OTHER AUTO INDUSTRY CONCERNS

Fiorani said the other major concern automakers have is Trump’s potential gutting of the Investment Reduction Act. The IRA contained a number of actions aimed at promoting green energy and mobility.

Ford Motor CEO Jim Farley said at the Detroit Auto Show the production credits contained in the IRA are crucial to the company.

Trump has already announced he plans to stop the $7,500 incentive for electric vehicles and loosen emission standards on internal combustion engines.

“The IRA incentives encouraged investment in North American production of parts and vehicles,” Fiorani said.

“Changing that will open up the market to global competitors and squash the transition to electric vehicles.

“The change in emission standards would allow manufacturers to build more (gas-powered vehicles) to the benefit of their bottom line in the short term, but to the detriment long term of their competitiveness globally.”

Fiorani said despite Trump’s anti-EV approach, automakers around the world are too far down the electrification road to turn back.

“Electrification is definitely where the industry is headed,” Fiorani said. “Trump’s actions would just extend how that happens.”

HOW WILL THE U.S. BE IMPACTED

Fiorani said the Canadian industry won’t suffer alone if Trump brings in tariffs and scraps the IRA. His actions will also create strong negative impacts for U.S. business and result in higher costs and unemployment for Americans.

“Tariffs are not a very good way to control anything,” Fiorani said.

“Jobs will certainly be lost in areas that were very pro-Trump if this comes to fruition.

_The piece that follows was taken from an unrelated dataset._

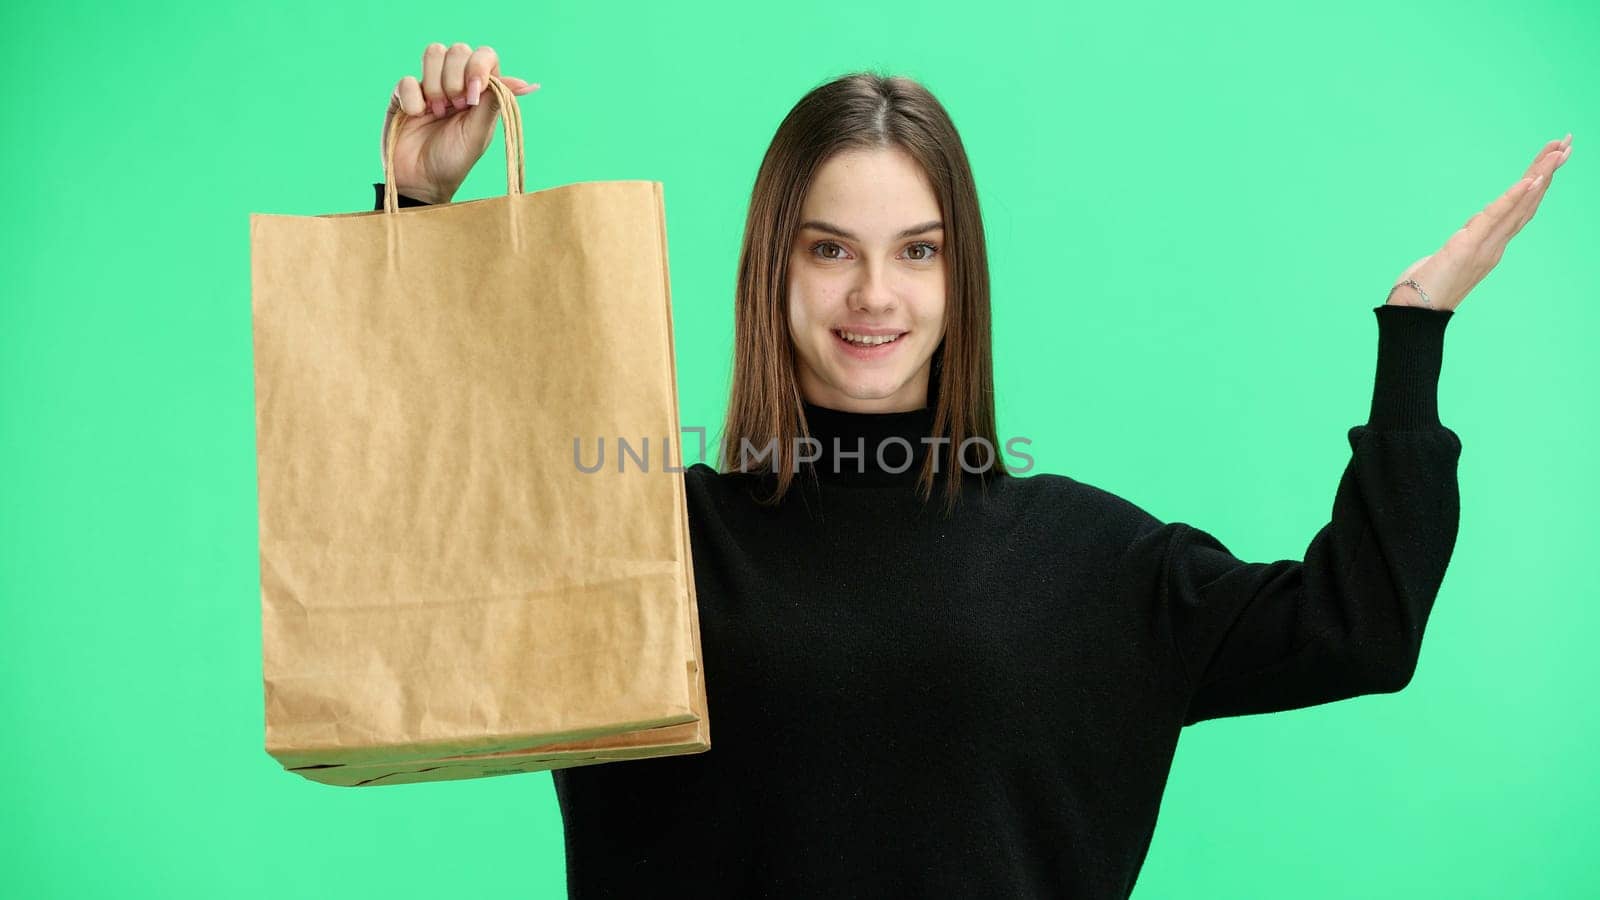 Woman, close-up, on a green background, with bags.

The offending countries won’t be paying tariffs; that cost will be passed onto American consumers.”

Most of the states that have benefitted from the large auto investments of the past four years have Republican leadership.

Unifor Local 200 president John D’Agnolo feels the message of shared economic pain is the key pressure point in gaining any leverage with Trump.

D’Agnolo said the Prime Minister’s Council Canada-U.S. Relations has been making that argument with American lawmakers this week in Washington D.C.

“There have been discussions Republican and Democrat leaders about the importance of this relationship,” D’Agnolo said. “Hopefully there’s some bipartisan ideas when it comes to tariffs.

“I think they will listen when you have states where it’s Republican leadership that don’t believe in tariffs.”